“Should businesses be involved in politics? Absolutely. We have a responsibility to make our contribution to society,” Oliver Wyman CEO Scott McDonald told Fletcher students last week during a talk hosted by The Institute for Business in the Global Context. McDonald explored business’ ever-evolving role in politics during his presentation and explained how he navigates the changing landscape as head of a leading global management consulting firm.
The debate around whether business should (or shouldn’t) be involved in politics isn’t a new one, McDonald said, but discovering the right way to balance involvement in politics without alienating your employees and consumers often poses a challenge for companies.
Political activities such as lobbying have existed for ages and have always been a natural part of the business world, McDonald explained. During the 1960s and ‘70s, businesses became more involved in politics as the civil and women’s rights movements hit the scene. The next big wave of activity popped up in the ‘90s as consumers began to make their voices heard more clearly. Over the past 10 years or so, companies have started to think strategically about consumers’ voices and have begun to actively align their goals with those of their customers.
With this wave of consumer activism, CEOs have started to become social activists to a degree not before seen since their customers and employees have begun to pressure them to become involved with various social issues. “There are now businesses being designed around the whole social system,” McDonald explained. As CEOs begin to comment on various social issues in the public eye, though, it can often create confusion among a company’s employees and consumers as they try to discern what the CEO’s motivation is for speaking out.
While McDonald has realized what works for his company in terms of striking this careful balance, it wasn’t always smooth sailing. He shared a few personal stories that exemplify some of the challenges he faced along the way. For instance, he discussed a report Oliver Wyman created that explains how complying with certain climate change regulations can negatively affect employment rates. When President Trump pulled out of The Paris Agreement, he used this very report to justify his decision, and McDonald experienced major backlash. “I had an enormous uproar across Oliver Wyman,” he said.
He proceeded to research why his company had done the report in the first place, and realized it had been undertaken on behalf of a think tank, and didn’t necessarily represent the company’s opinion as a whole. McDonald then sent a note to the company to explain the report’s background in depth, yet many people still accused him of using Oliver Wyman to share his personal views.

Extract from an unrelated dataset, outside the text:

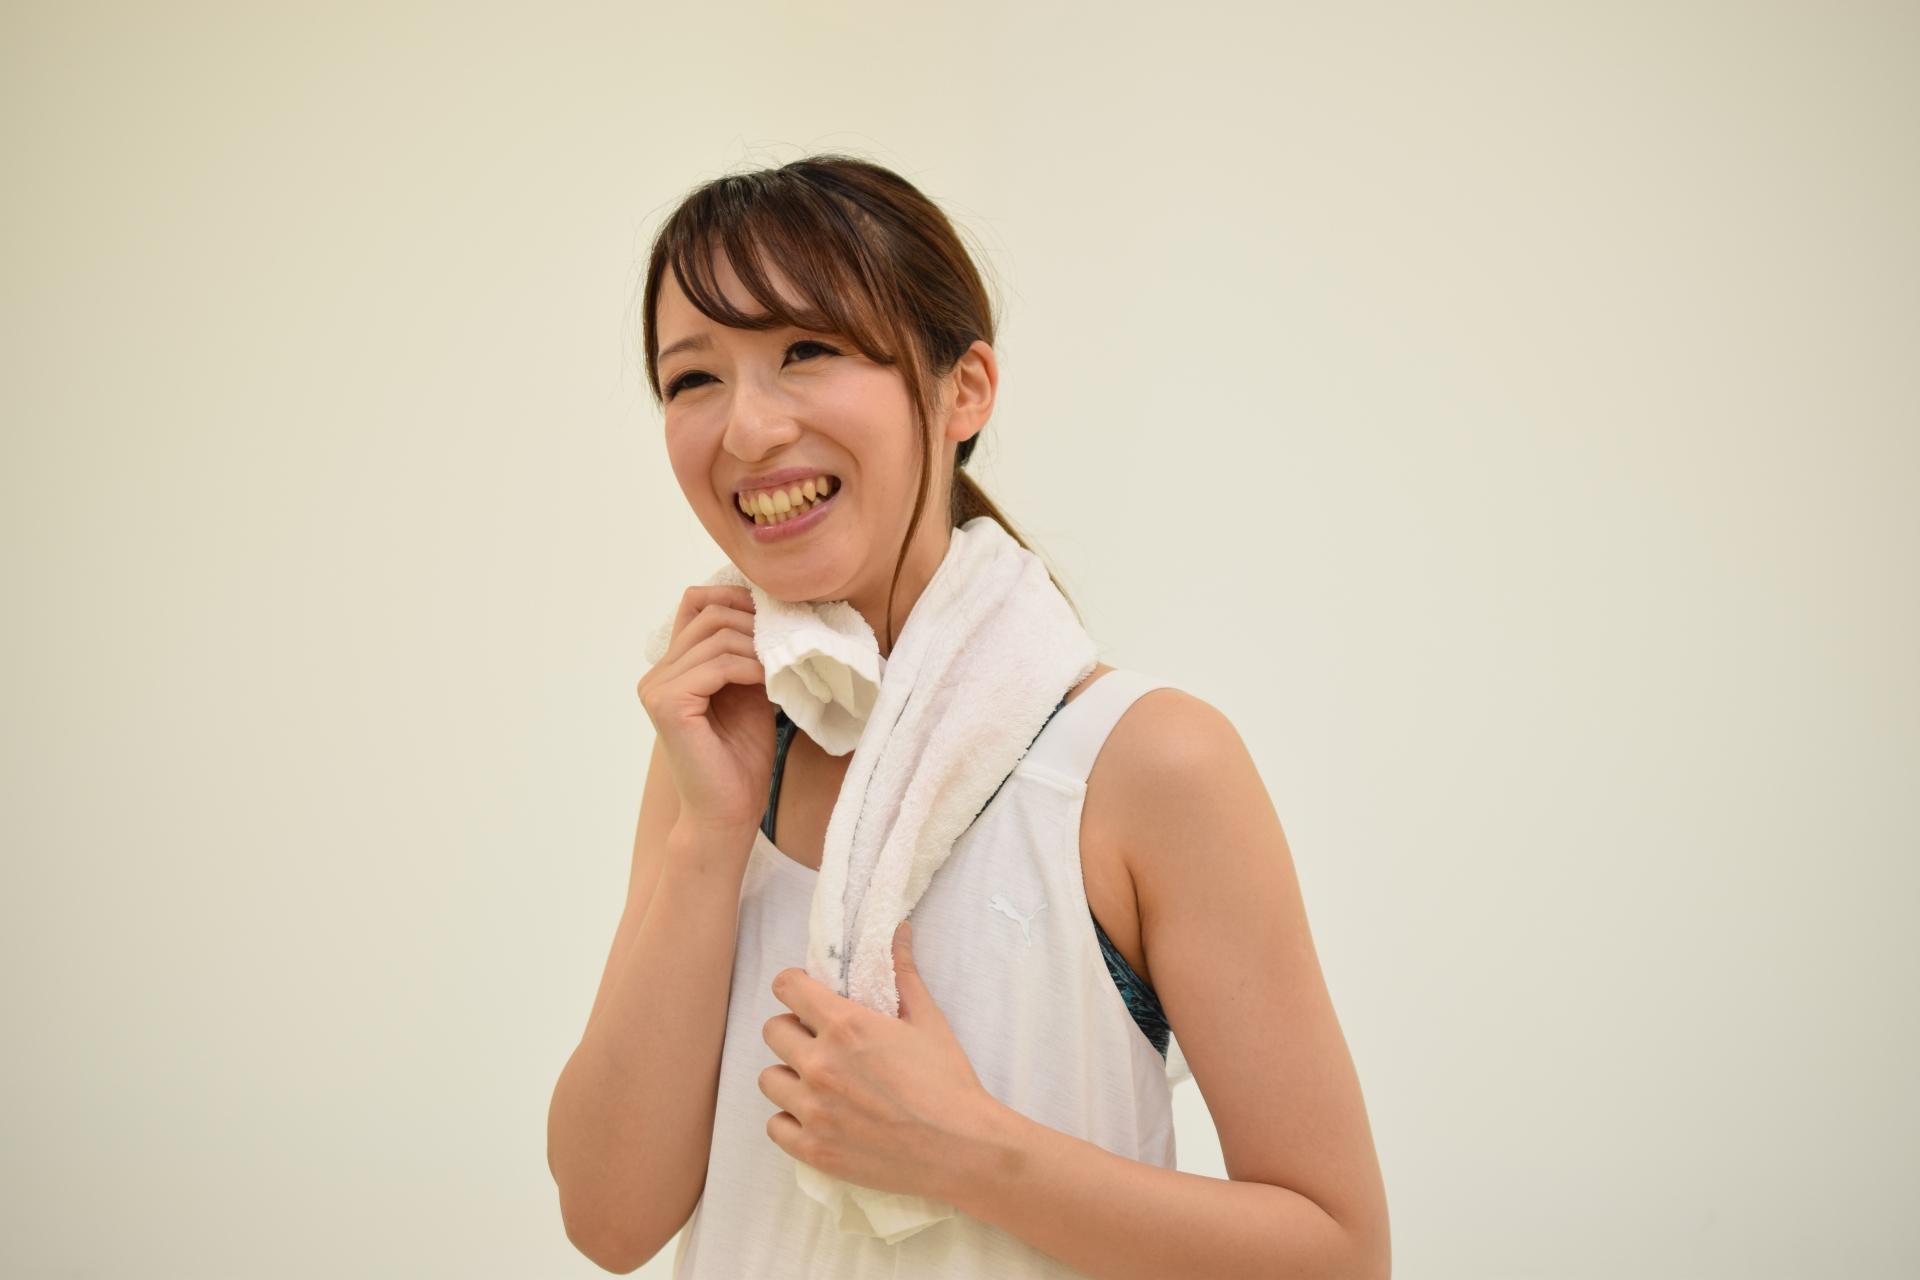 汗をかく運動をする女性

Another story McDonald shared involved Oliver Wyman’s work with refugee causes. “I have a real passion about refugees. I think it’s one of the defining issues of our time and we’ll be judged in our future by how we address it now,” he said. As McDonald witnessed the global refugee crisis worsen over the years, he wanted his company to do something to help. He decided to write an editorial stating that Oliver Wyman would hire refugees in order to “motivate all the countries that read the article to act in similar ways.” What McDonald didn’t expect was the great hostility he was about to generate throughout his company. With unemployment issues rampant in their own country, Oliver Wyman employees weren’t happy about the idea of offering extra jobs to refugees. “I quickly realized this was a complicated issue,” he explained.
McDonald shared these two stories as a small snapshot into a day in the life of a CEO and how they must constantly strive to balance business with politics. After all, companies answer to a range of people — shareholders, customers, suppliers, employees — and at every level, people have a range of concerns. “Life has become much more complicated,” McDonald explained. And often, it’s hard to predict the value of speaking out in the public eye versus the consequences.
In the grand scheme of things, most causes that businesses undertake are pretty minor and safe, McDonald said, but he sees that changing. “I think we will move even further into an era where businesses are doing an enormous amount of work on various social issues,” he predicted, adding that it’s become necessary for companies to build this type of work into their business model.
“I started life in business as more of a purist…I no longer think that way,” he said, arguing that businesses can’t just “stay in their lane” anymore. “I’m all for businesses getting more involved [in politics] within a much more disciplined framework that we don’t have now.”